How to Sell Yourself as a Designer in Portland

portland_graphicCongratulations! You moved to Portland to start your career as a graphic designer. You’ve just joined the ranks of the young, gifted and under-employed. Before you thrown in your organic cotton towel and head to the barista stand, try these foolproof tips to achieving creative success in the weirdest city in America.

Forget all the portfolio rules and marketing guidelines you learned at that Midwestern state school. In Portland, we do things differently. We value the obscure, the weird, the artisan, and the independent. So ditch that insurance brochure from your portfolio and re-vamp your image Portland-style.

Design a Hipster Logo

You pretty much have to do this first thing. Stop what you are doing right now, get out your protractor and get to work on a hipster logo. Portlanders LOVE those all-black logos that are rough around the edges with rugged type and text on a curve. Your logo should be contained in a seal shape or oriented around an “x”. Stuck? Visit any number of artisan coffee shops for inspiration.

Obsess on the #PDXCarpet

That’s right, the best airport carpet on the planet is in your hometown (or WAS in your hometown). Now that it’s being replaced with a new pattern, it is time to get serious about your affection for the ORIGINAL PDX Carpet. Not only does this floor covering pattern come with its own hashtag and social media accounts, but a myriad of products exist to excite and delight you. Share these products and all carpet updates excessively across all of your networks. Wax nostalgic about its removal to your soon-to-be-numerous fans. Bonus points for creating your OWN #PDXCarpet product (wrapping paper, lamp shade, branded beard wax).

Brand your Dog

Your dog IS a part of your family and most importantly, your BRAND. Illustrate your dog in whatever illustration style is trendy right now, and give that pup the fandom he deserves by setting up his own social media account. Start a web comic series devoted only to him and don’t forget to hashtag all your cute photos. #SparkyPants. You don’t have a dog!? You DO know about the Oregon Humane Society’s call to End Petlessness don’t you? Cats, birds, rabbits, and lizards are also completely acceptable and may get you extra “weird” points.

Let the Fucks Fly

Portlanders are really fucking comfortable with cursing. To show how comfortable you are with the fucking f-word, integrate a “fuck” into at least one personal design piece for your online portfolio. Some sample choice phrases are: “Fuck Haters,” “Cool as Fuck,” or “No Fucks Given.” Ready to commit to Portland? Tattoo that fucker!

Identify Yourself

What’s in a name? Well, as it turns out, not much. In Portland, naming your design business is as easy as picking two of your favorite things that have nothing to do with each other and pair them up! Curry Summer. Parade Roses. Rain Balloons. Be sure to call yourself “a studio,” even if it is just you and ol’ Sparky Pants in your pajamas all day.

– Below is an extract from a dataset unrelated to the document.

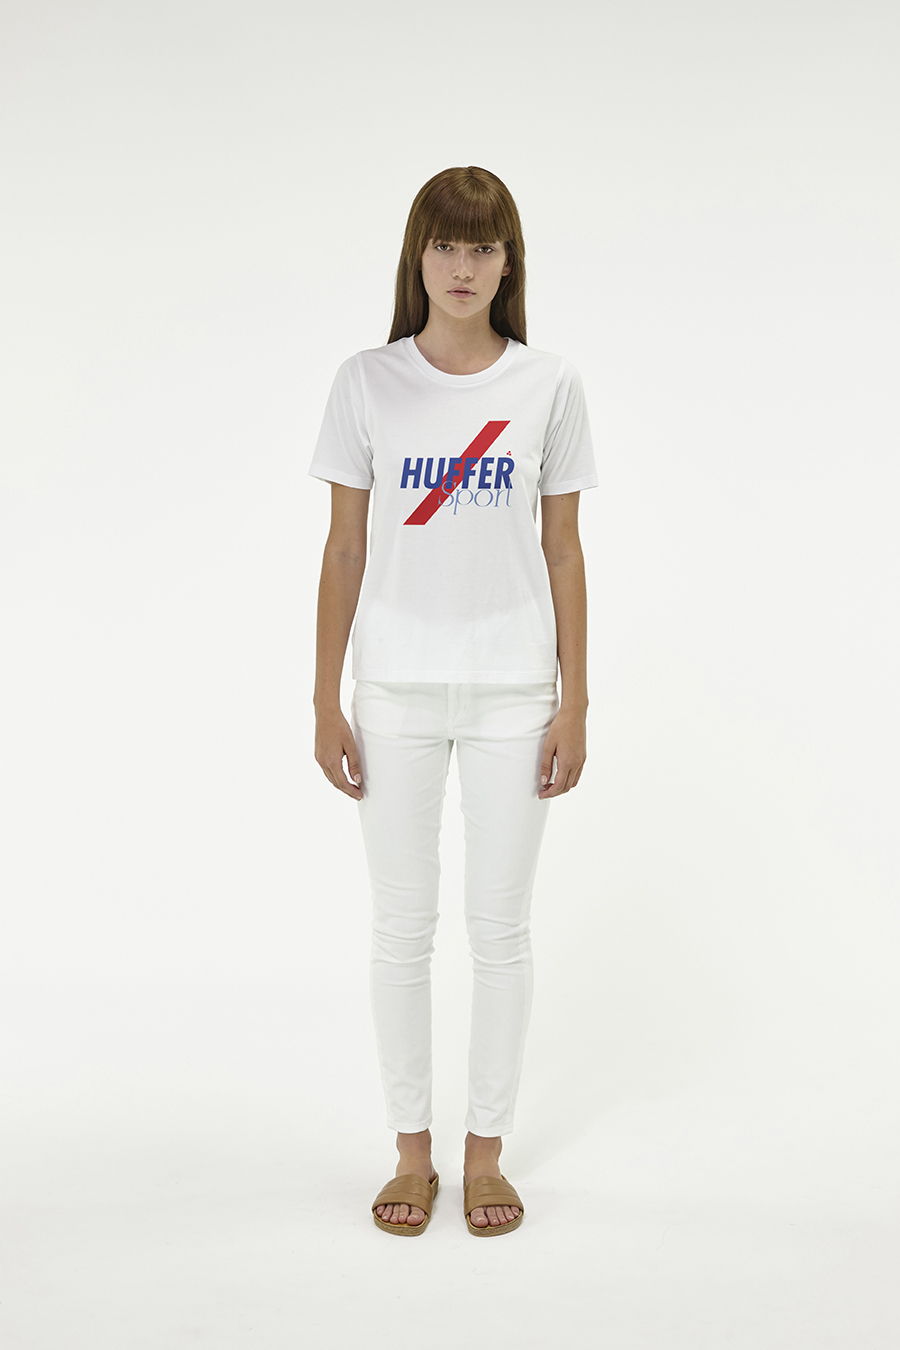 Huffer_Q3-16_W-Stella-Tee-STRIKE_White-01
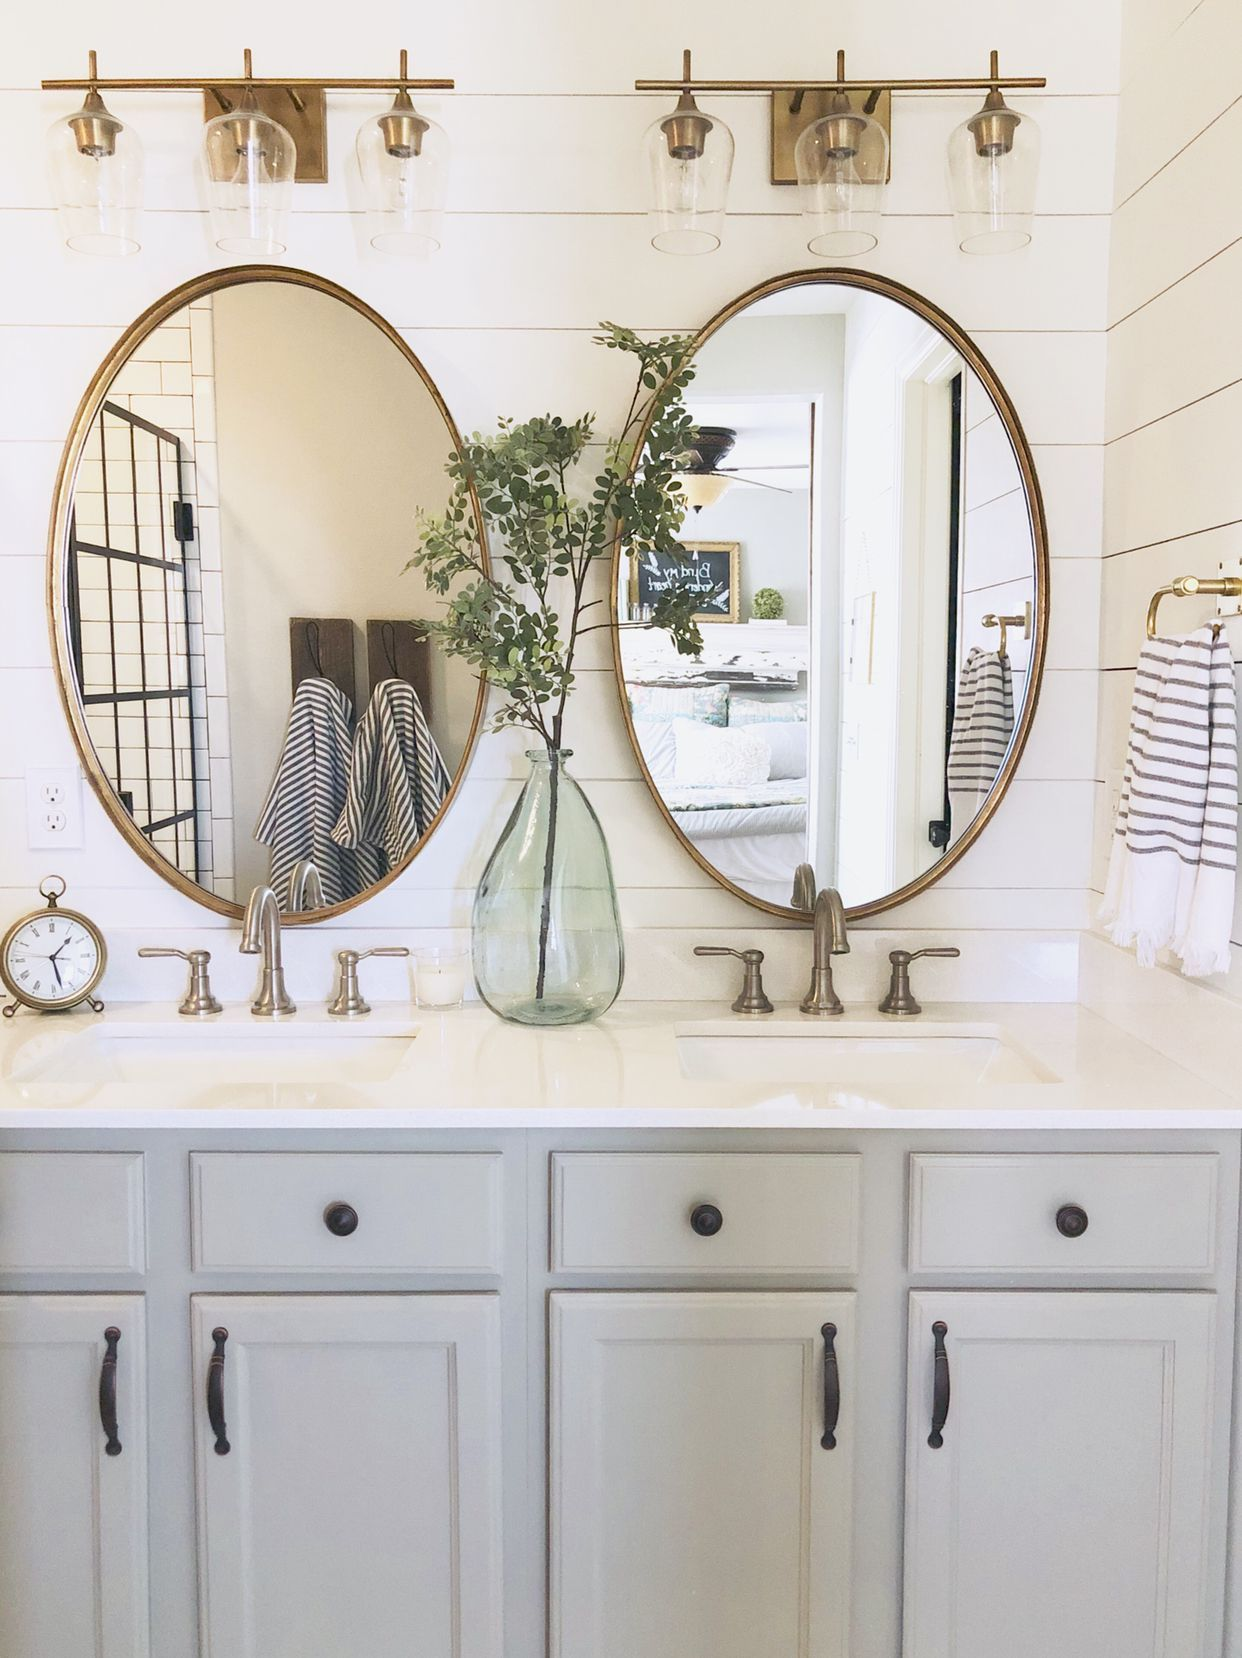 Shiplap Brass Lighting Oval Mirrors Mixed Metals Bathroom Inspiration Decor Oval Mirror Bathroom Oval Bathroom Mirror Ideas

Share Little About What you Actually Do

Portlanders prefer that their profiles describe themselves by their food preferences and/or an 1800s profession. Your goal is to share little about what you actually do, and if possible, be contradictory. If you feel you must identify with some creative professional field, try on “maker,” “tinkerer,” or “disruptor,” for size.

Examples: Vegan Butcher or Bacon-loving Disruptor

Love Outdated Art Forms

Find the most obscure, impractical, and financially ruinous method of printing, drawing, or painting and make it your own. Find an old machine at an estate sale, grease it back to life, and let the accolades roll. Your Summer & Spice hipster logo hand-pressed into a woolen business card is sure to win over all folks at the networking events that you won’t be attending because, shit, people come to YOU!

Write a “Think Piece” on Medium<

Not an expert on anything? Hardly grasp the English language? No problem! If you publish your opinion, people will assume you’re a real smartypants. Easily digestible lists telling other people what to do is a sure formula for success.

Now, recent transplant, you are on the right path to score that dream job with Nike, only to leave two months later and start your own studio. Congrats!

Author & Designer, Melissa Delzio, has a dog with a hashtag, and really fucking hates the PDX Carpet.